- [INPUT MATERIAL]:
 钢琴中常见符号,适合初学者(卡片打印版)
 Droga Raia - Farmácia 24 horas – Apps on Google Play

--

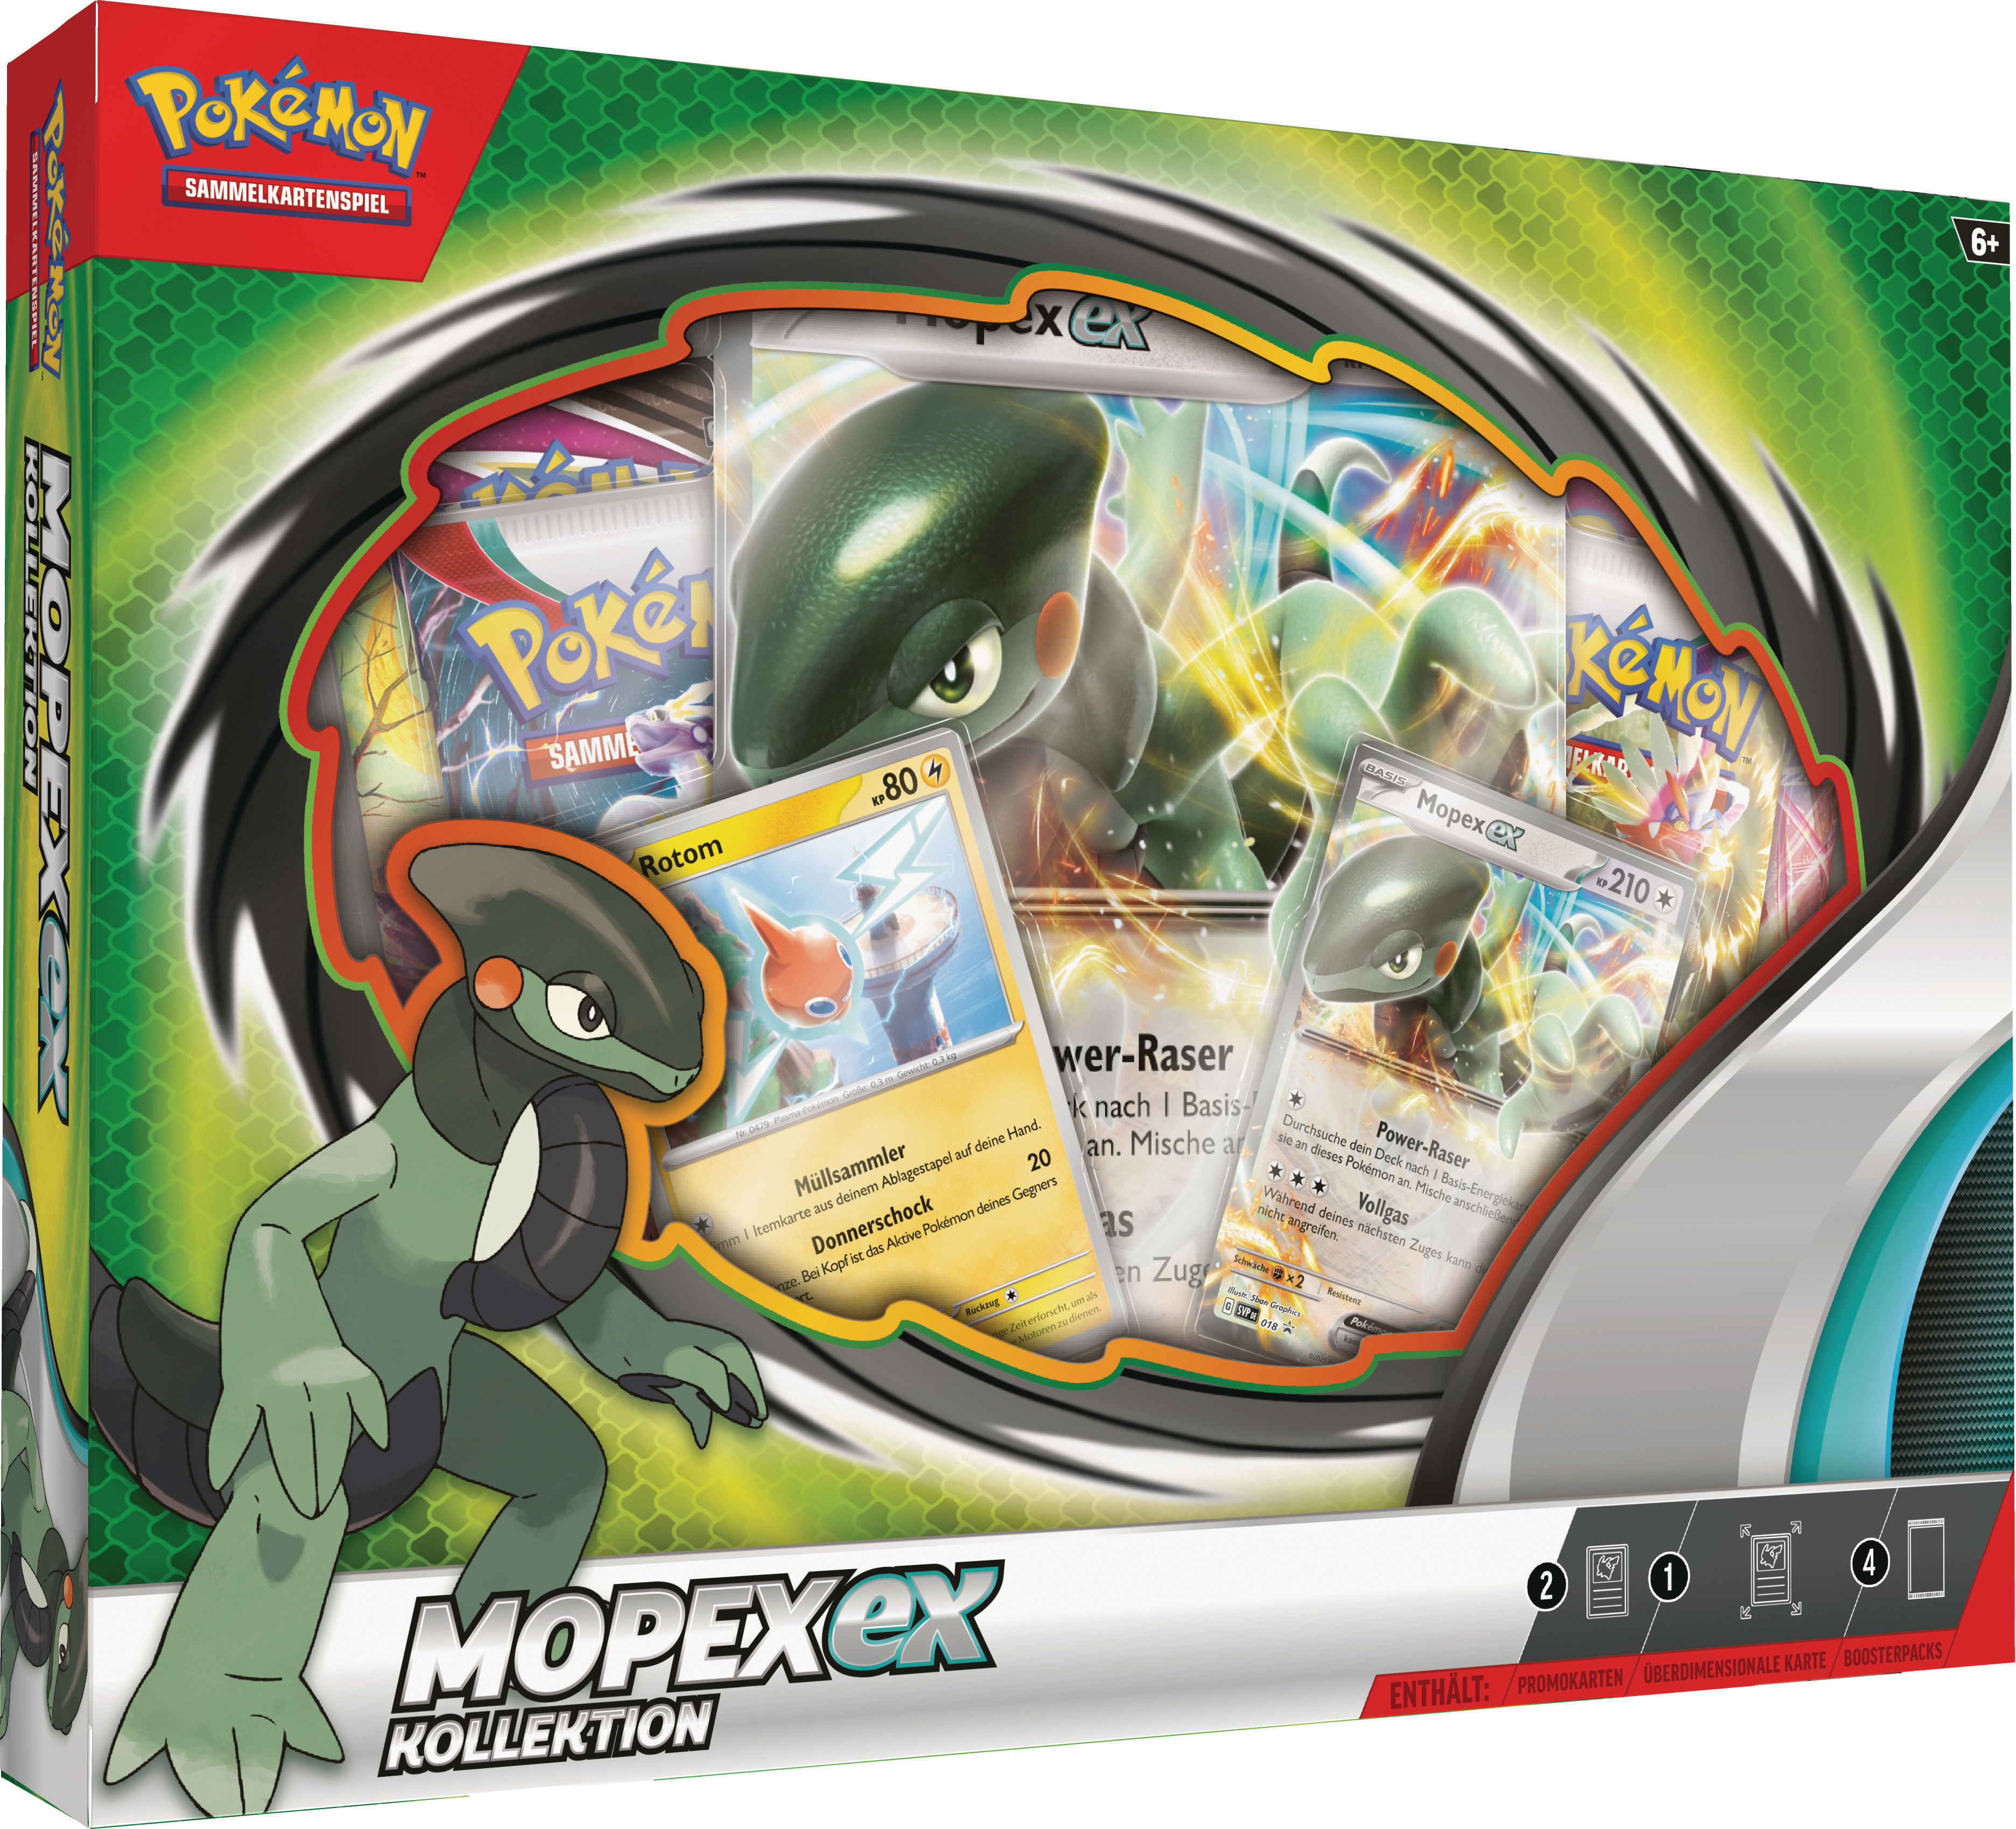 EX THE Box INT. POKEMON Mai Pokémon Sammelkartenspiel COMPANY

- [THE PROBLEM]:
Above are the records; from them, give again exactly the lines from the one containing "钢琴中常见符号,适合初学者(卡片打印版)" to the one containing "Droga Raia - Farmácia", both lines included, and nothing more.

- [RESPONSE BELOW]:
 钢琴中常见符号,适合初学者(卡片打印版)
 Droga Raia - Farmácia 24 horas – Apps on Google Play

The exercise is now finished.